Problem to work on: Your copy should repeat each record exactly and contain none of the pictures.

--------------------------------------------------

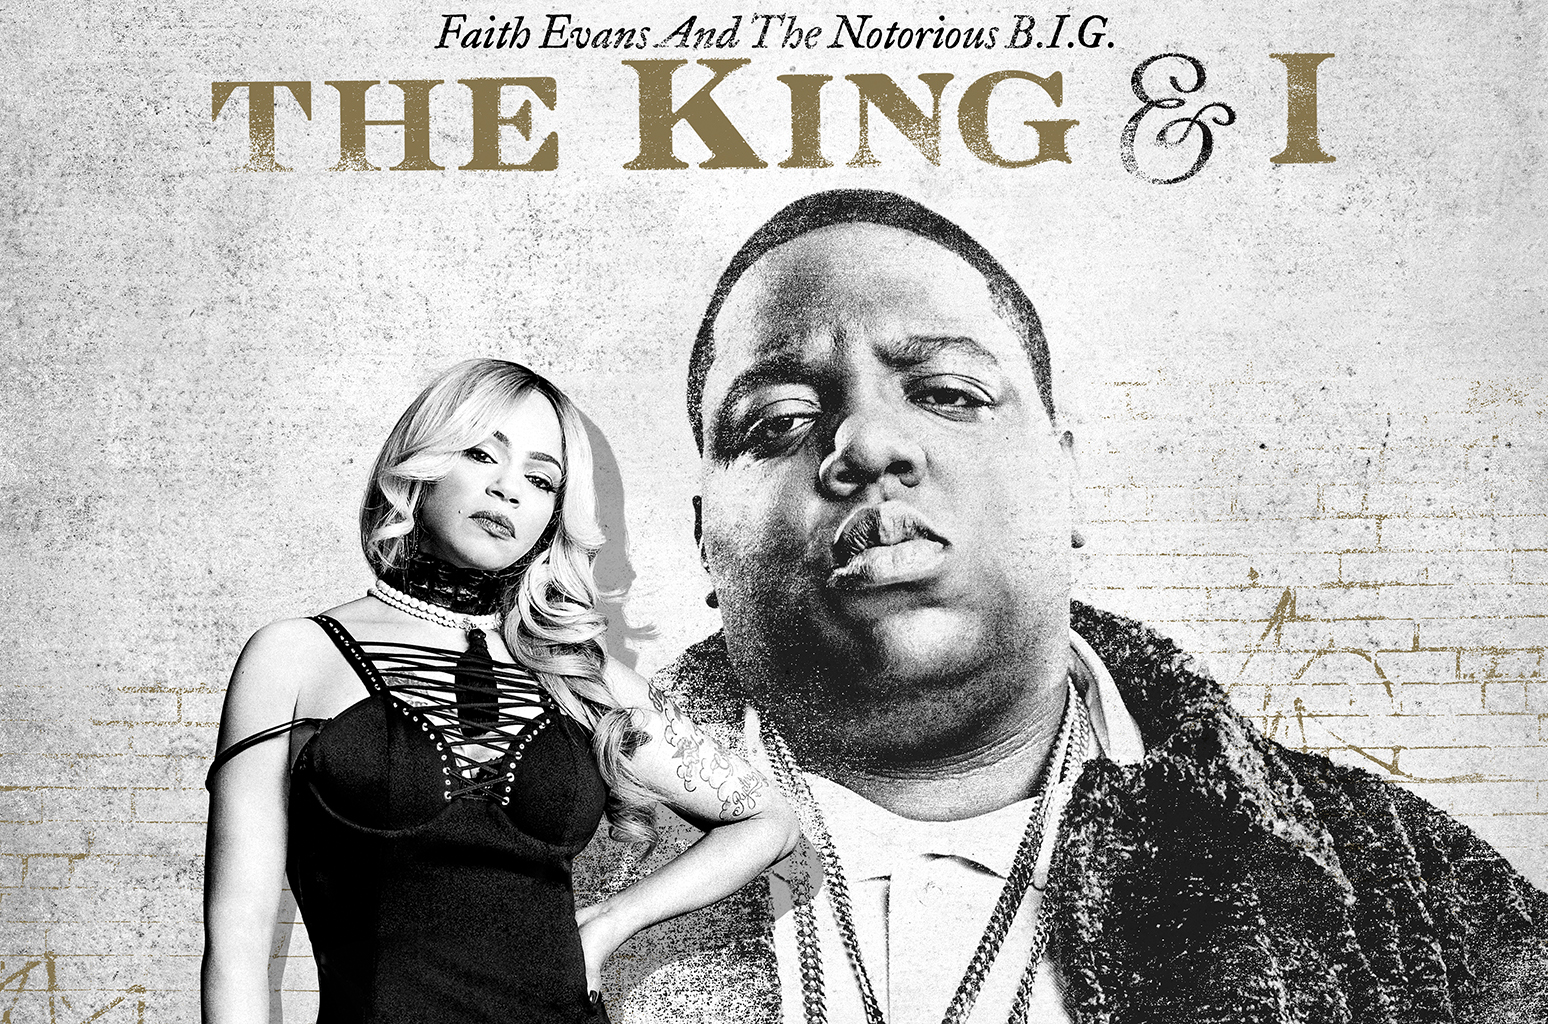 [New Music] Faith Evans & Notorious B.I.G. – “When We Party” feat. Snoop Dogg
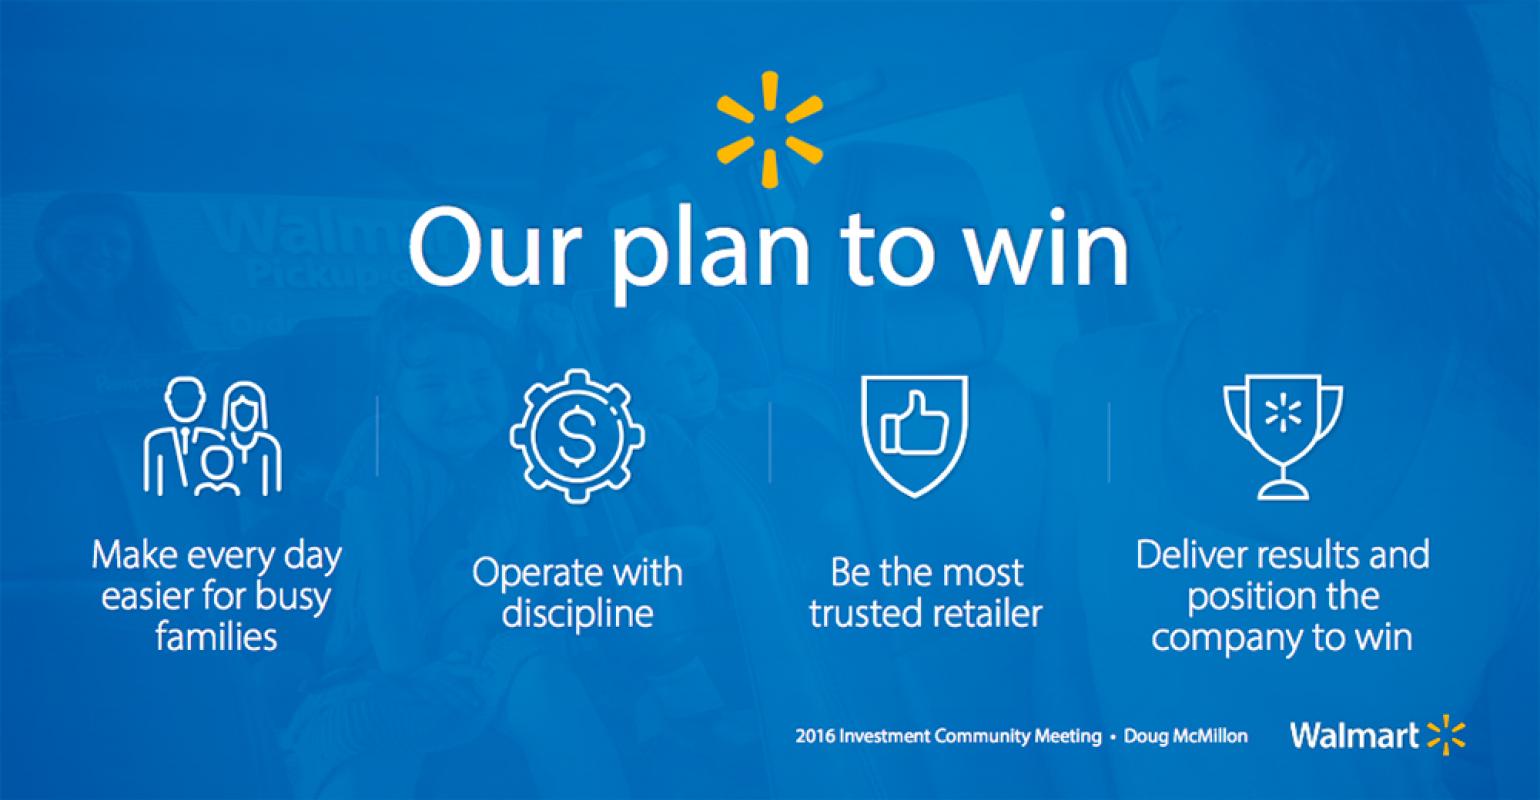 Walmart to investors Investments will be worth it Supermarket News
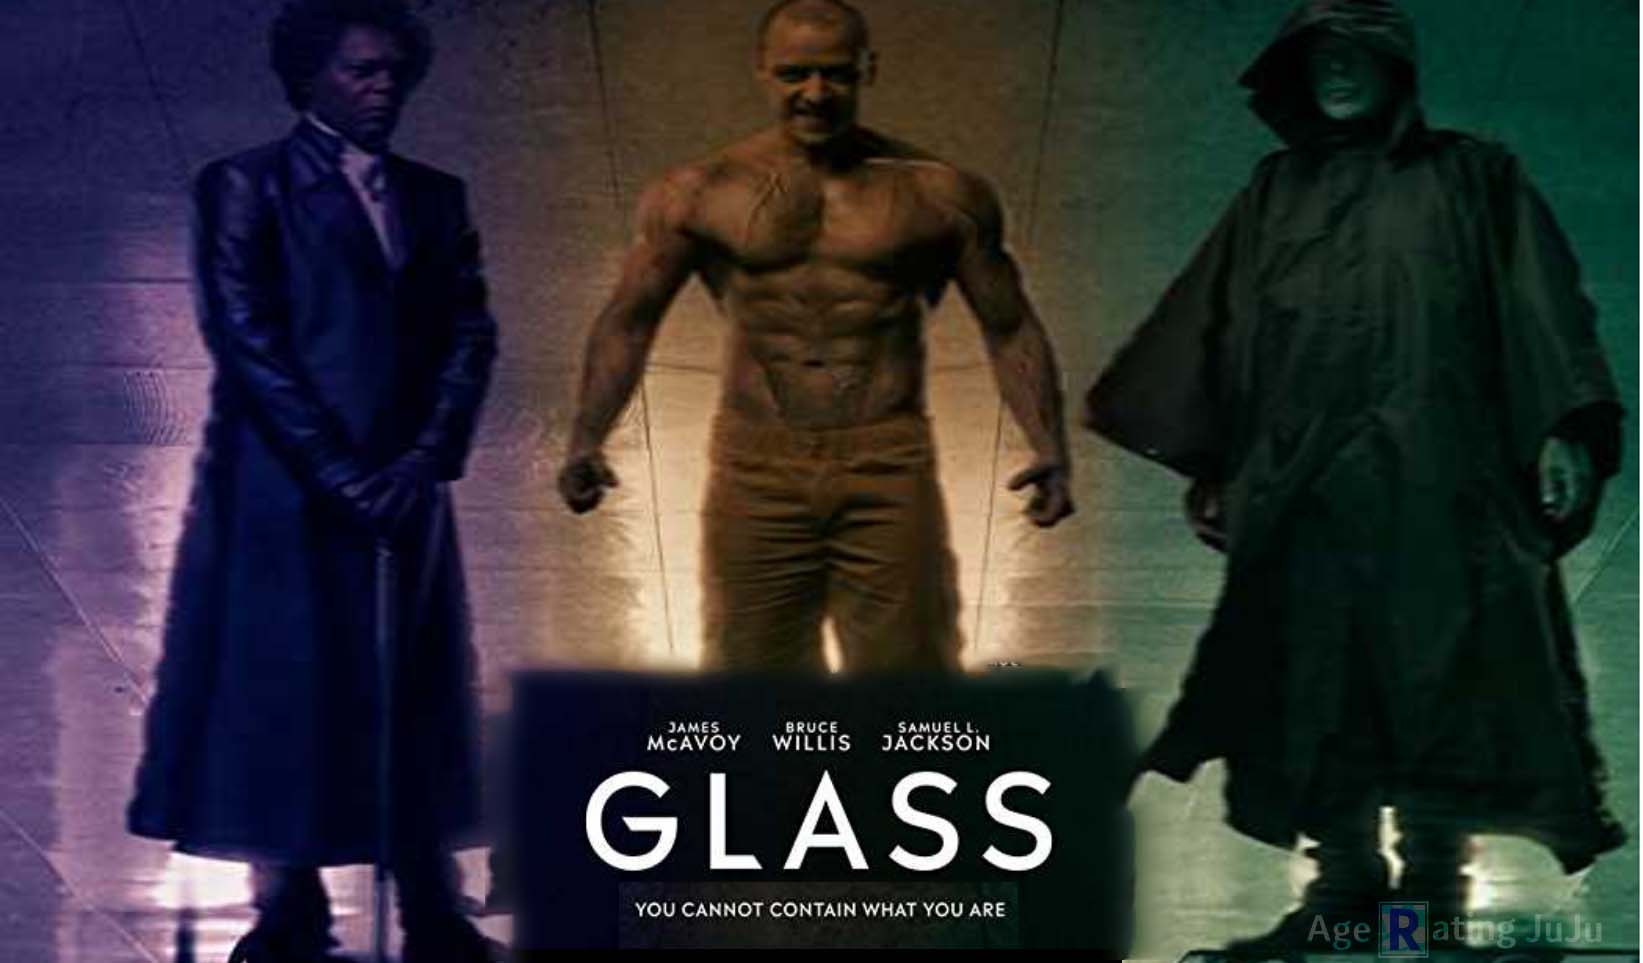 Glass Age Rating 2019 - Movie Poster Images and Wallpapers
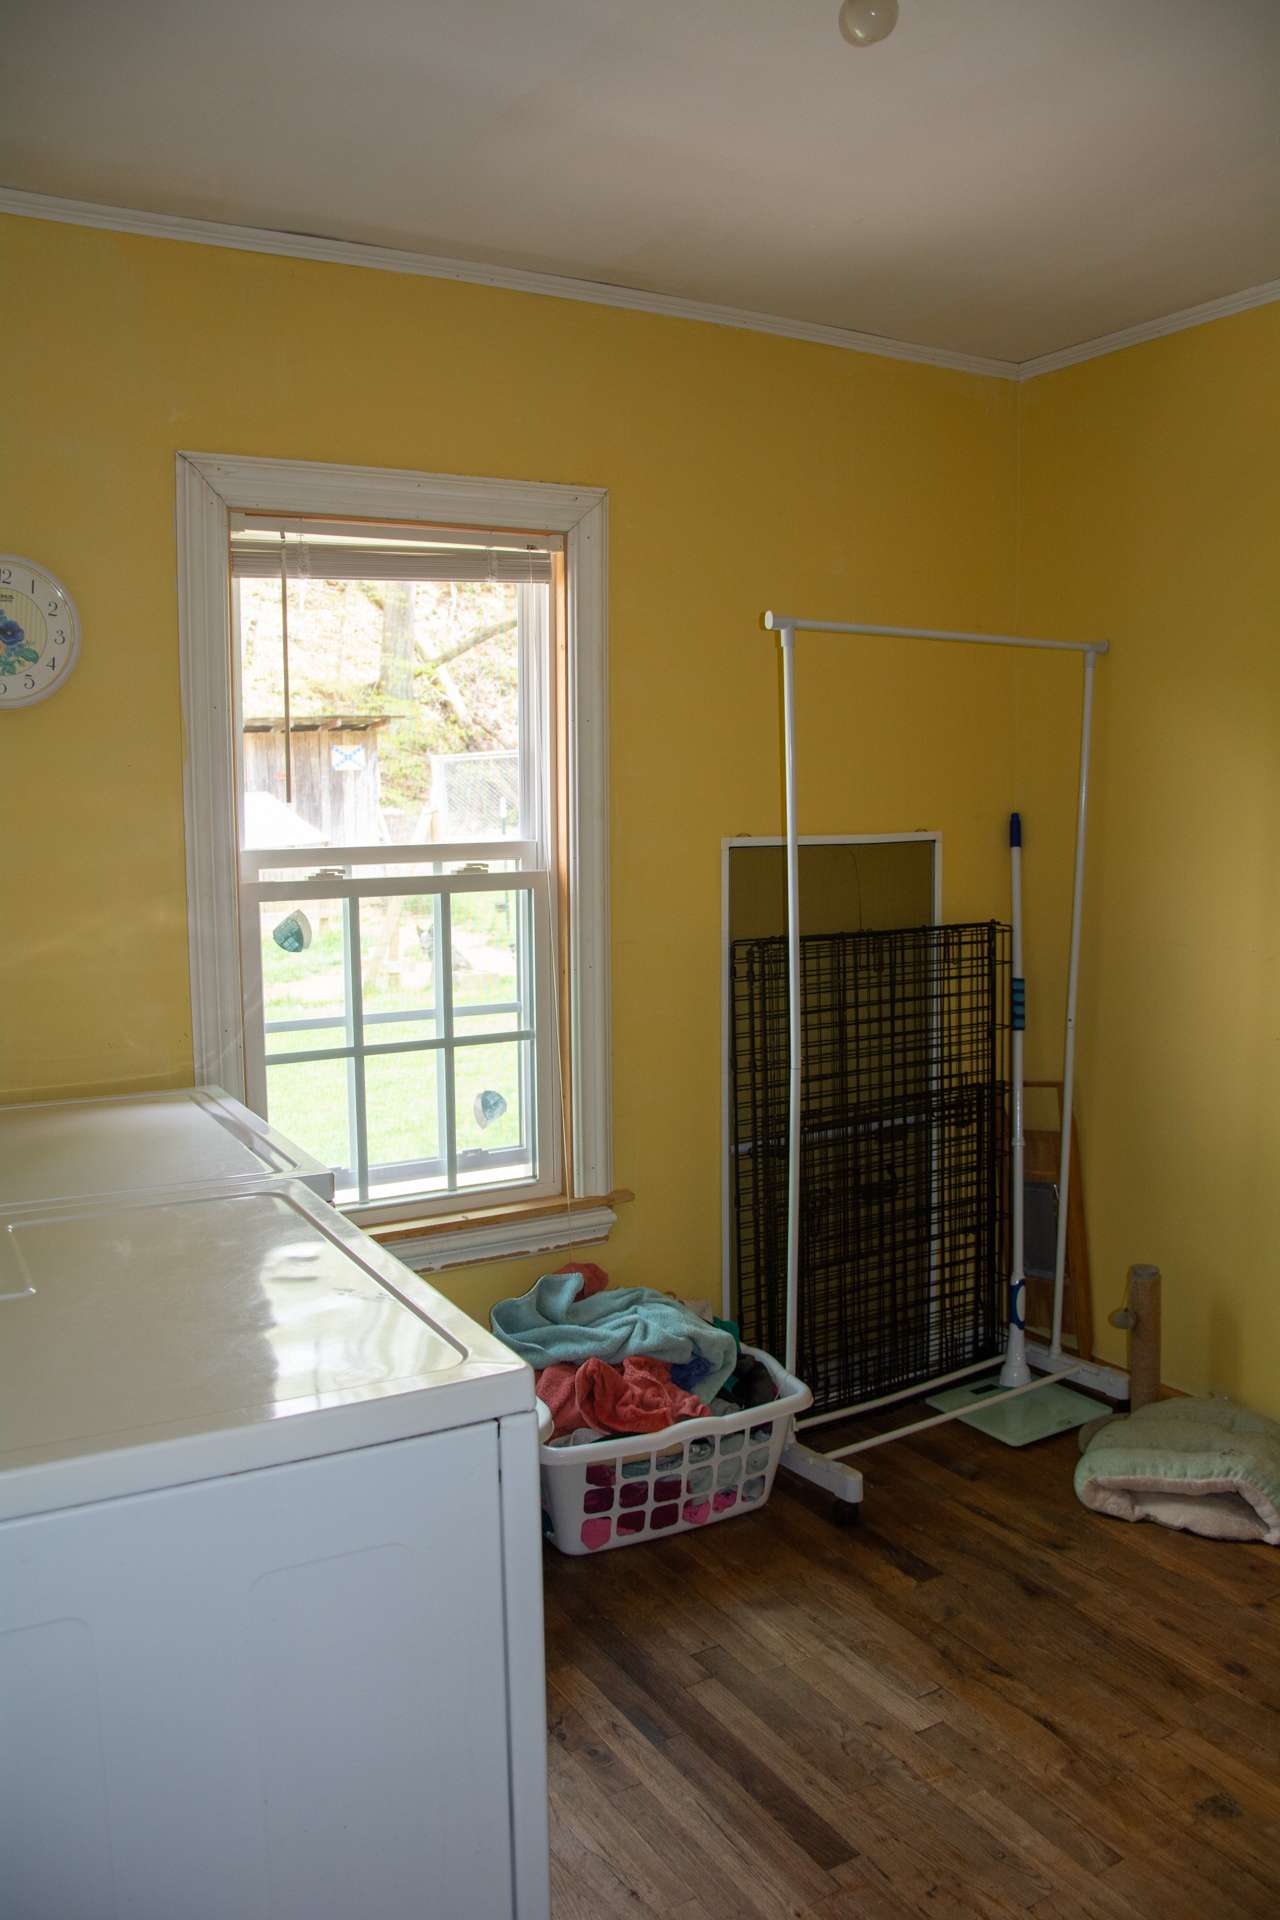 The third bedroom is currently utilized as laundry room but could be converted back to bedroom if desired.
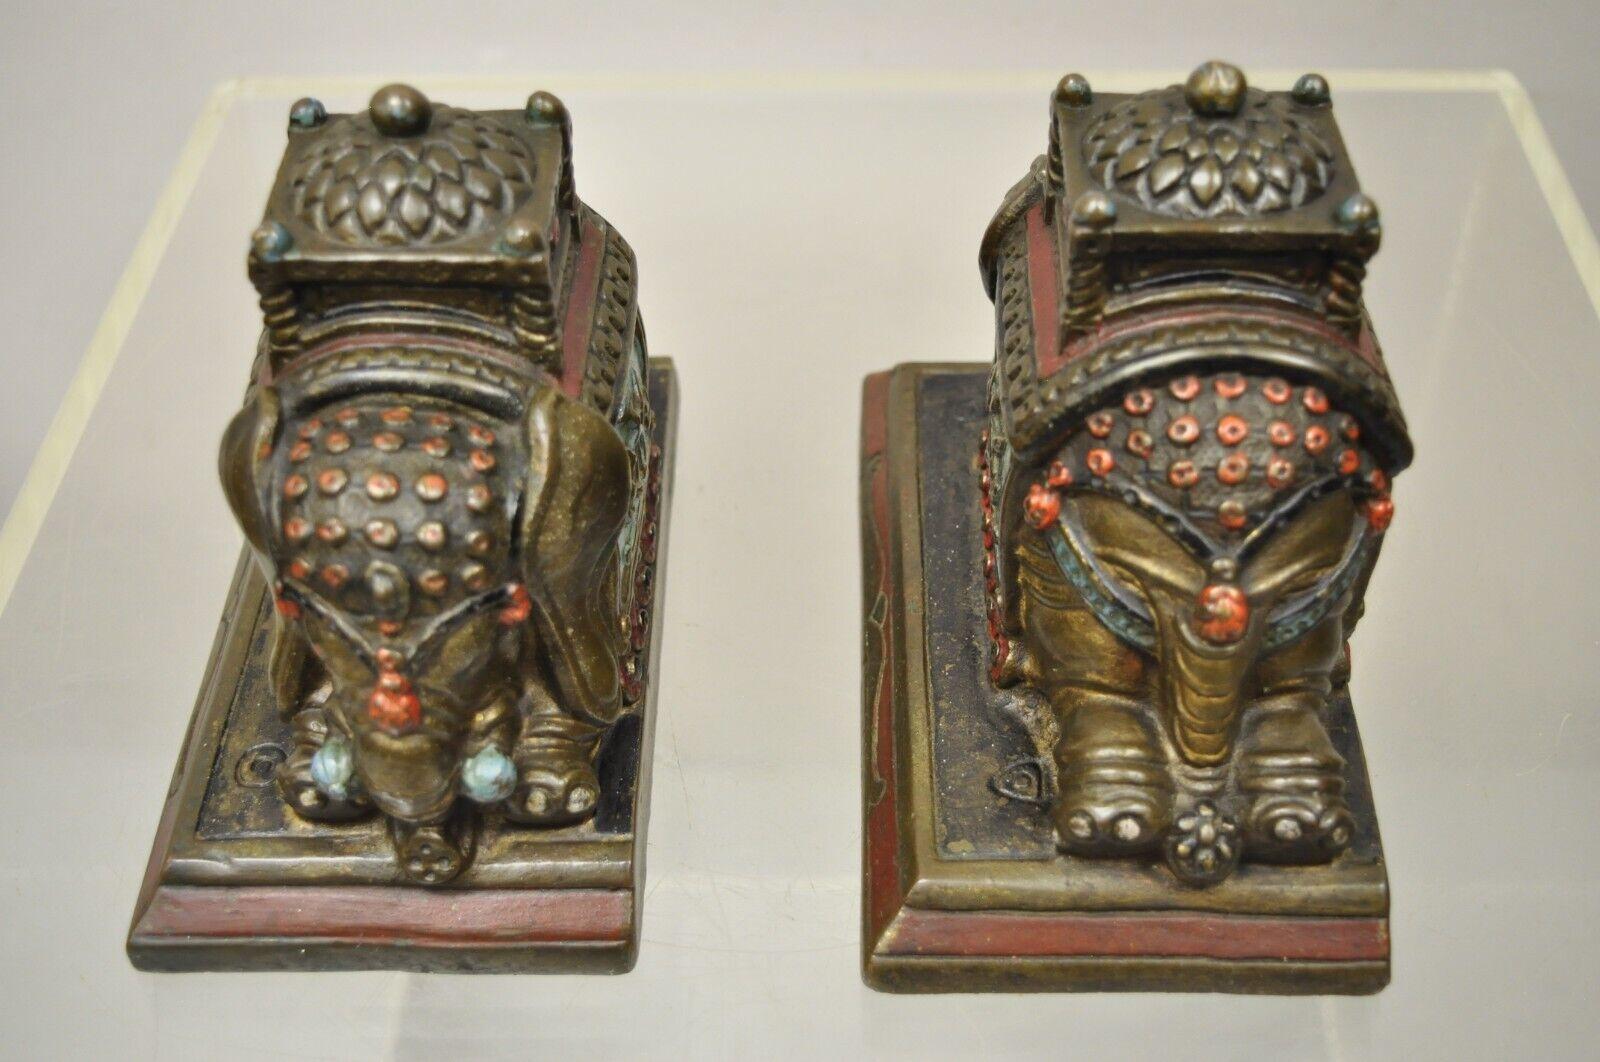 20th Century Antique Armor Bronze Indian Elephant Metal Clad Bookends, a Pair

--------------------------------------------------

Expected output:
 [New Music] Faith Evans & Notorious B.I.G. – “When We Party” feat. Snoop Dogg
 Walmart to investors Investments will be worth it Supermarket News
 Glass Age Rating 2019 - Movie Poster Images and Wallpapers
 The third bedroom is currently utilized as laundry room but could be converted back to bedroom if desired.
 20th Century Antique Armor Bronze Indian Elephant Metal Clad Bookends, a Pair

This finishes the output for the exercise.